Inbound/Outbound Service Impact
Incident Report for Cool Telecom
Postmortem

Event Summary:

At 10:47 AM Central time on September 22nd, Inteliquent (one of our upstream voice providers) had an issue occur which impacted some customers and call flows that transit our Denver POP. Inteliquent engineering teams were engaged immediately, as well as on-site field staff. The issue impacted the routers by causing severe flapping of protocols which also made consistent access to the routers difficult for diagnosis.

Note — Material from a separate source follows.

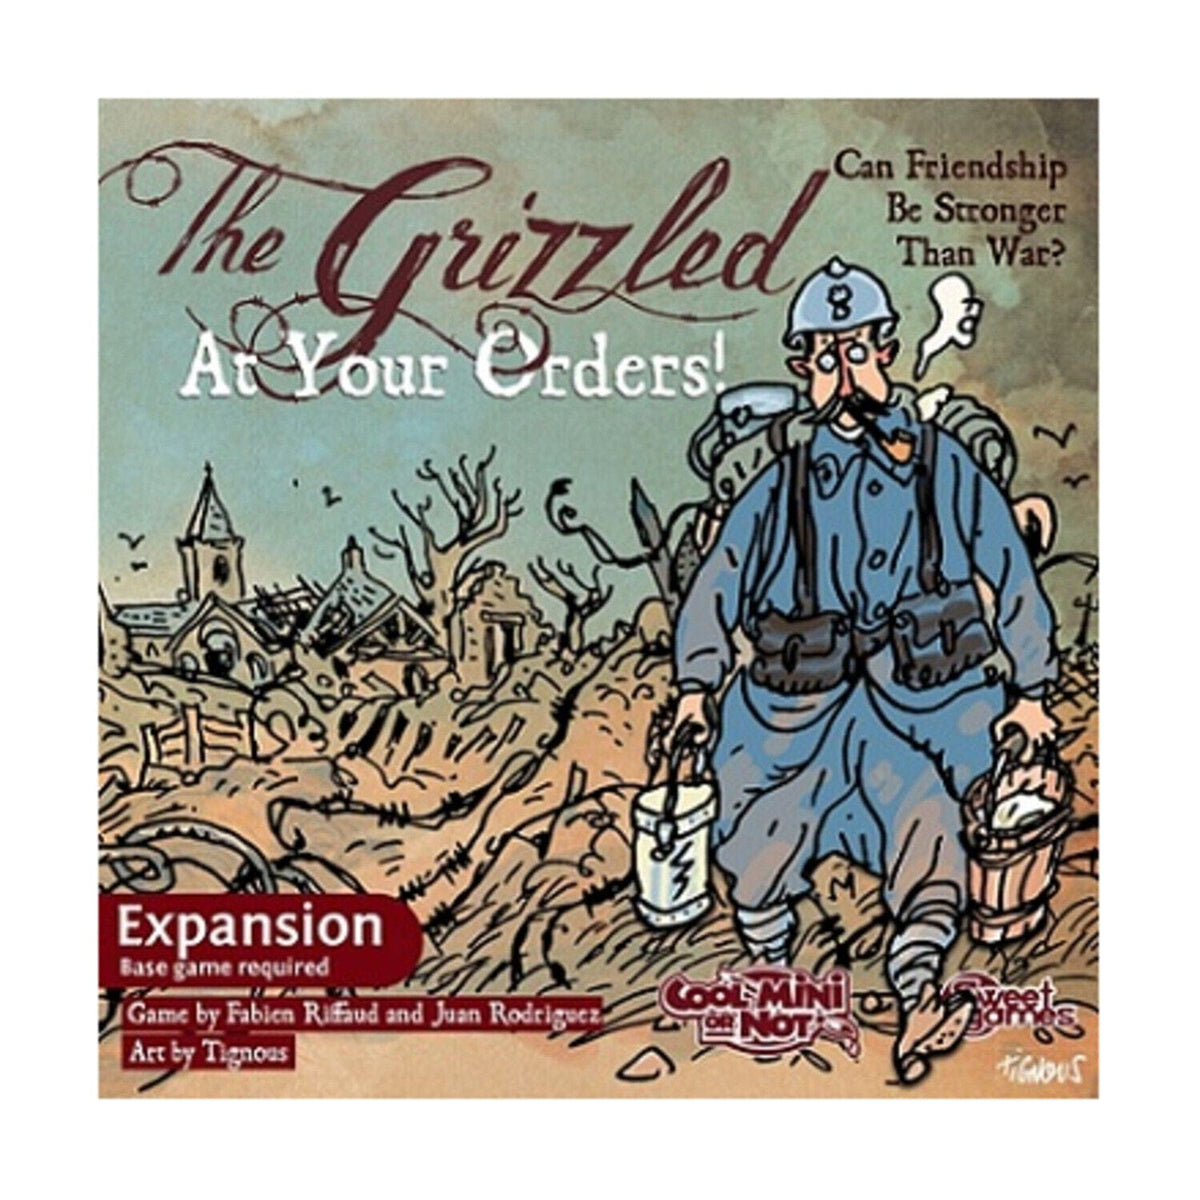 The Grizzled: At Your Orders! Expansion - Third Eye

At 11:40 AM the engineers determined there was a loop, and due to the access issues decided to turn down one of the routers in the pair to stabilize the network. The shutdown of the router immediately stabilized the local transit infrastructure and restored much of the impacted services. However, there were still some indications of call failures through the Denver infrastructure. Additional investigation revealed issues with call processing for a couple of voice network elements. The engineering teams determined that the logic in those devices was corrupted due to the routing instability and needed to be failed over to their redundant sides to clear the issues.

These devices were switched over between 1232 CT-1234 CT on the same day. After which, call flows stabilized and all services restored.

Reason For Outage:

A loop between two edge routers in the Denver POP was created as a result of new activation work and ultimately caused by an error in our records and assignment processes. Essentially, a new port was assigned which had previously been used for a connection between routers and hadn’t been physically removed.

A review of the migration process determined that this migration was atypical due some hardware resourcing issues to support the migration. The additional delay in this process impacted the typical activation-migration-disconnect process and the disconnect portion was missed.

Posted Sep 24, 2021 - 14:41 CDT

Resolved
This incident has been resolved.
Posted Sep 22, 2021 - 14:47 CDT
Monitoring
Thank you for being patient while our engineering team worked through this network disruption. Our engineers were able to divert the traffic to alleviate the impacts of this issue. We have performed detailed internal testing and all services show to be operational at this time. Please retest and reach out to our support team at http://ticket.cooltele.com for further assistance.
Posted Sep 22, 2021 - 12:55 CDT
Identified
The issue has been identified and a fix is being implemented.
Posted Sep 22, 2021 - 11:58 CDT
Update
We are continuing to investigate this issue.
Posted Sep 22, 2021 - 11:51 CDT
Investigating
We have reports from some of our users that they are unable to make outbound calls. A few of those customers have also reported an inability to receive calls. We are investigating this issue and will provide more information as soon as we receive it.
Posted Sep 22, 2021 - 11:27 CDT
This incident affected: Calling (Inbound Calling, Outbound Calling).